Y todo, como casi siempre en las lenguas, depende del contexto. Contestar a la pregunta de un
turista diciendo que algo está “lejillos” no acerca el lugar por el que te preguntan (que está donde
el diablo perdió el poncho), pero te aproxima empáticamente al visitante; afirmar que tu pareja
tras las navidades se ha puesto gordito, y no gordo, no es tampoco cuestión de volumetría, sino
de atenuación: él ha comido los mismos kilos de mantecados con o sin diminutivo.

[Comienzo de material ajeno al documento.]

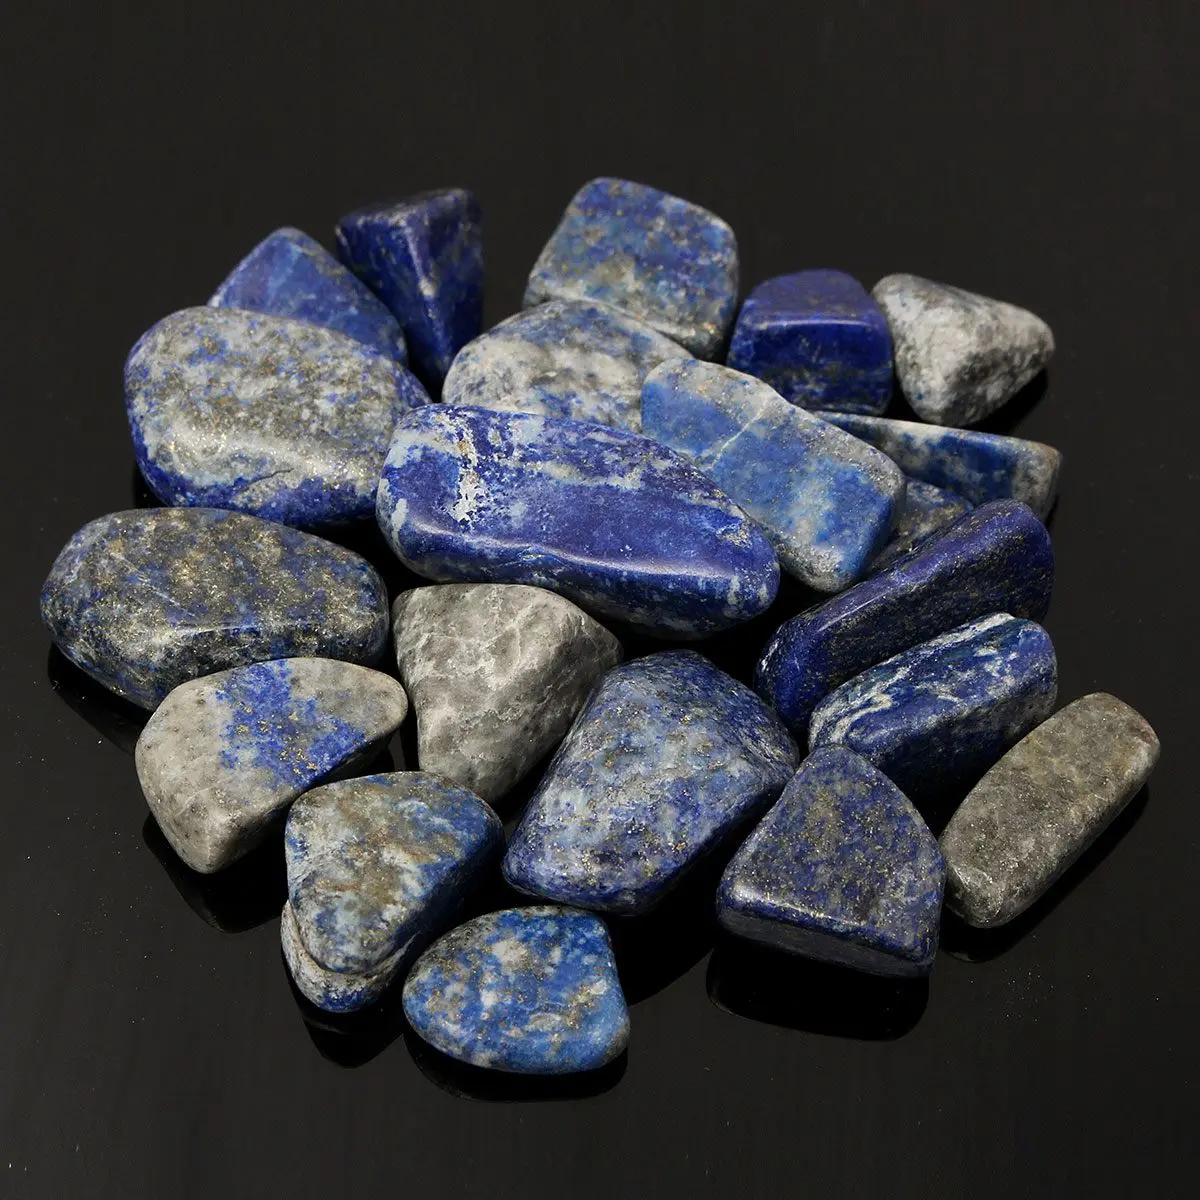 50 г натуральный голубой ляпис Лазурит Камень необработанный камень образец кристаллического минерала Исцеление драгоценный камень для дома аквариум Декор ремесла

Esto tiene también un reverso oscuro, y es el del diminutivo que insulta o veja: es ningunear a
nuestra jefa llamarla jefecilla y no tienes mucha fe en nuestro éxito en Eurovisión si dices que
España concursa con una cancioncilla. Los diminutivos, en fin, no siempre hablan de magnitudes,
y muy frecuentemente ponerle una de estas terminaciones a una palabra no la empequeñece en
tamaño sino en relevancia.
Un carro se pone al paso de don Quijote; quien lo conduce pide al héroe que se aparte del camino
y avisa al de la Mancha de que porta en el carro dos bravos leones enjaulados, voraces por no
haber comido. ¡Mejor apartarse que provocar a los animales! Responde don Quijote: “¿Leoncitos
a mí? ¿A mí leoncitos, y a tales horas?”. El leoncito da la pista definitiva de cómo es el más
simbólico y machadiano de los españolitos: inconsciente, valentón y agudísimo al hablar. No, por
supuesto que no: manejar los diminutivos no es cosa chica.